To our knowledge, there are no studies in transgender patients with diabetes investigating the effect of gender-affirming therapy on glycemic control. Several studies in male-to-female transgender patients without diabetes undergoing gender-affirming therapy have shown increased insulin resistance (12–14). Polderman et al. (13) hypothesized that administration of exogenous forms of estrogen may interfere with the interaction of insulin with its receptor, causing a decrease in insulin sensitivity. Auer et al. (12) found that transgender women undergoing gender-affirming hormone therapy experienced an increase in markers of insulin resistance and first-phase insulin secretion. There is little evidence on how this increase in insulin resistance seen in healthy transgender women translates to patients with diabetes. Given the increased insulin needs seen in our patient, it is possible that our patient became more insulin resistant.
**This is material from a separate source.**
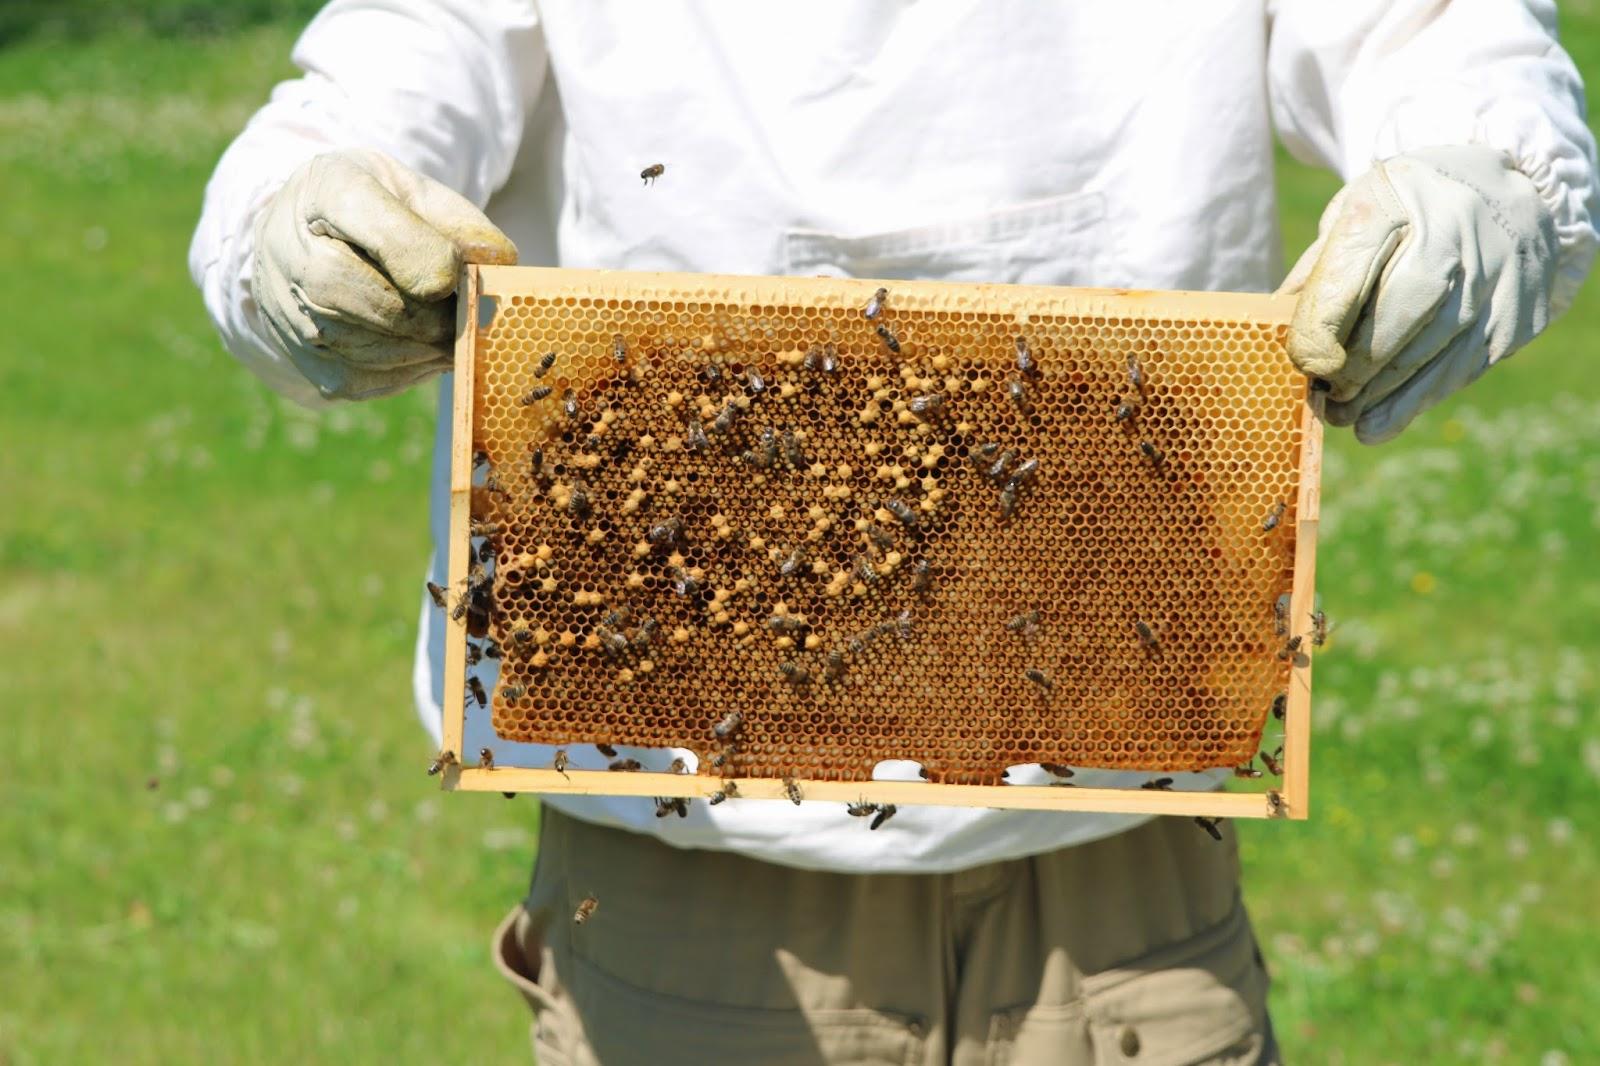 honigbienenblog time is honey ist die chefin aus dem. Black Bedroom Furniture Sets. Home Design Ideas
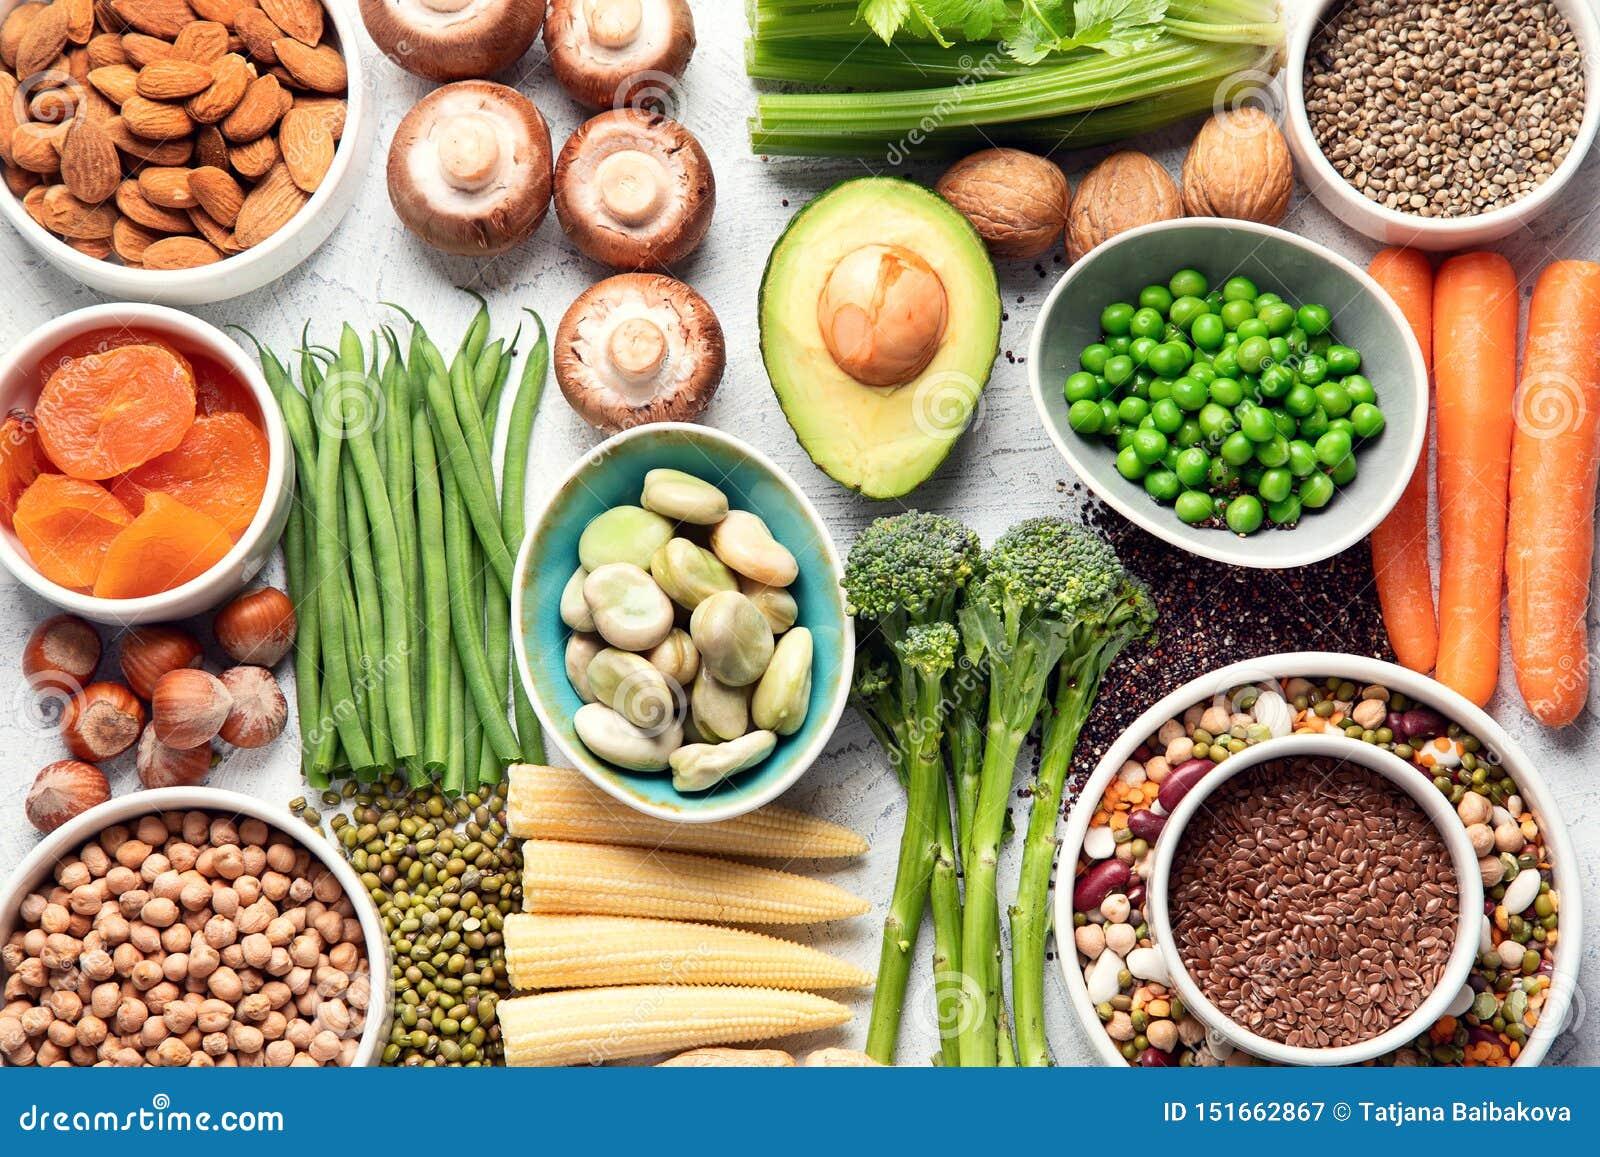 fruit nuts legumes vegetables protein diet

We did not measure sex hormone–binding globulin (SHBG), free testosterone, or free estradiol levels. In healthy transgender women, SHBG increases with estrogen treatment (15). Lower SHBG levels are associated with a higher incidence of diabetes in cisgender men (16). In another study of cisgender men using data from the National Health and Nutrition Examination Survey, higher free estradiol and lower free testosterone and SHBG levels were associated with prediabetes (17). Because testosterone lowering is initiated at the same time as estrogen therapy, it is not possible to distinguish whether the change in insulin resistance is due to lower androgen levels or increased estradiol levels. The increased insulin needs for this patient may be the result of weight gain. Transgender women have increased subcutaneous and visceral fat deposition (18) with increased body fat (19), which could in turn contribute to increased insulin needs. Although we did not ask whether our patient had a previous eating disorder, many transgender patients have a history of eating disorders relieved by gender-affirming therapy (20).

In this case report, we describe how the administration of estradiol affects glycemic control in a male-to-female transgender woman with type 1 diabetes. Further physiological studies using gold-standard methods to assess insulin resistance should be done to attain a better understanding of how feminizing and masculinizing gender-affirming hormone therapy affect the management of diabetes.

Clinical Pearl

• Gender-affirming hormone therapy for transgender women aimed at lowering endogenous testosterone and increasing estrogen may result in increasing insulin needs and challenges to glycemic control in transgender patients with diabetes.